Watch: Bella Hadid felt like the 'uglier sister' compared to her older sibling Gigi
How people-pleasing can impact your mental health
While wanting to please others may seem like a positive trait to have, constantly putting the needs of others before your own can have a knock-on effect on your mental health.
Typical people-pleasing behaviours include apologising when there is no need to, struggling to say 'no' to work or personal requests and gravitating towards toxic or unhealthy friendships and relationships.
"People-pleasers often neglect their own needs, to the detriment of both their physical and mental health," explains Dr Meg Arroll, chartered psychologist at Healthspan.

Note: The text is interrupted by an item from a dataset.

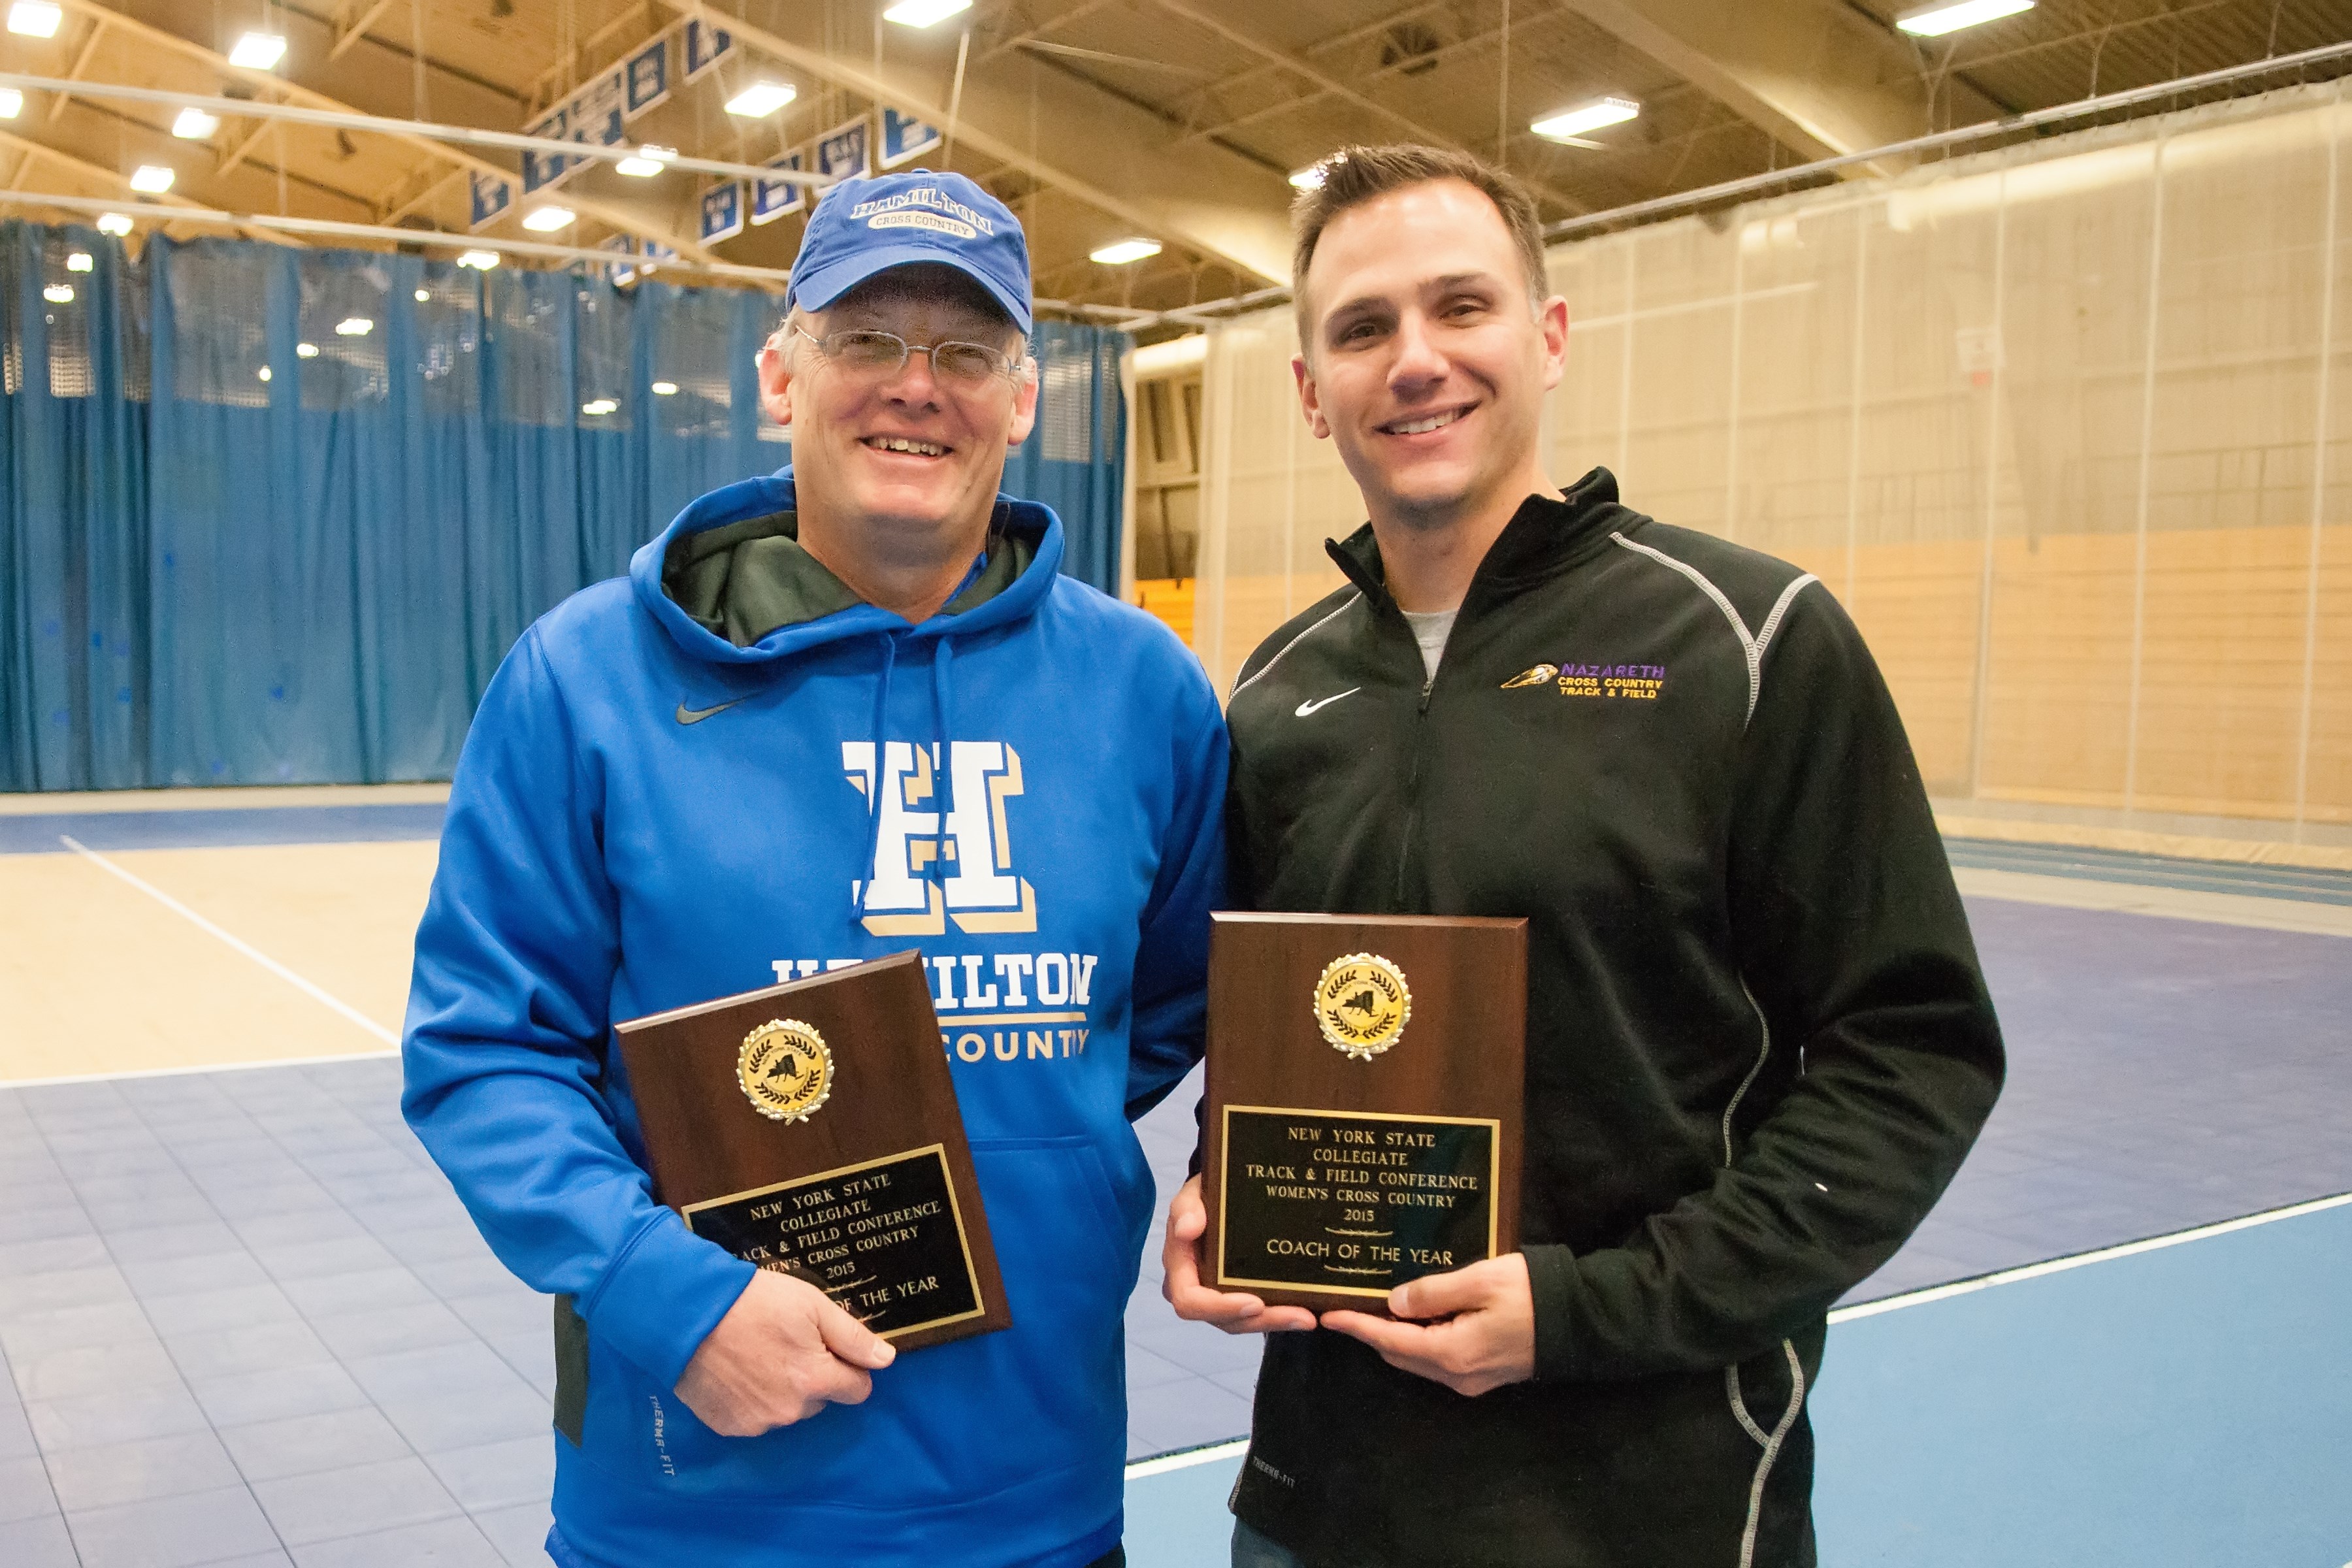 Hull is NESCAC men's cross country coach of the year - News - Hamilton  College

"Saying yes to absolutely every request, replying to emails the minute they drop into your inbox, feeling responsible for other’s happiness, avoiding any type of conflict, yet being quick to accept blame when it is not entirely warranted are all classic characteristics of people pleasers."
But there are some potential serious consequences to putting everyone else first.
"These behavioural and thought patterns can quite easily result in overwhelm, chronically high levels of stress and anxiety, sleep difficulties and, at the extreme end of the spectrum, burnout, depression and social isolation," Dr Arroll explains.
Interestingly, Dr Arroll says some people may naturally be more inclined to people-please.
"In terms of the Big five personality traits which we use in psychological research and practice, people pleasers are likely to score highly on trait conscientiousness and neuroticism," she explains.
"But life experiences are just as important as genetic predisposition so people-pleasers would have also learnt this pattern through their life-course, often starting in early childhood.
"You may have lived in a home where there were high expectations of you, or you may have seen those you love and respect modelling this type of behaviour."
Thankfully, there are some steps you can take to release yourself from the people-pleasing shackles.
Switch your people-pleasing language
It’s very difficult to go from someone who says ‘yes’ all the time to flick a switch and be very boundaried, so Dr Arroll suggests taking some small steps to gradually increase this self-protective skill.
"Start by paying attention to and altering your language – do you tend to soften emails, texts and conversations with words such as ‘just’ and apologise, giving long explanations? If so, start by simply removing ‘just’ and similar people pleasing words.
"This will allow you to see that they’re not necessary and you don’t need to dim your light to maintain relationships (all relationships – work, social, intimate, etc)."
Build your boundaries
One way of doing this is by delaying the ‘yeses’. "Give yourself time to consider whether the request is mutually beneficial, not just useful for the other party, by asking for a little time," suggests Dr Arroll. "Easy ways to do this include saying, 'I’ll check my diary and get back to you on that'."
Find your 'no'-normal
Once you’ve strengthened your boundaries in this way, Dr Arroll says it is much easier to move onto the ‘no's’.
"People pleasers often feel a great deal of guilt when saying no and can find this tiny word a bit too severe so instead think about phrases such as, 'I’m honoured that you’d consider me for this, but I don’t have capacity for it' or 'thank you for thinking of me but I can’t attend this.'"
The key here, according to Dr Arroll, is to make the response a hard 'no', even when politely expressed.
Remember to look after you
People-pleasers sometimes have a hard time caring for themselves, but it is important to set aside time each week to do something for you. Try making a list of ways you can care for yourself and practice these activities.
Seek professional help
As Dr Arroll pointed out, in some cases, people-pleasers develop their behaviours and responses because of learned experiences in childhood. Whether this is the case or you simply have a hard time saying no to people, professional therapy can help you learn new skills for healthy relationships.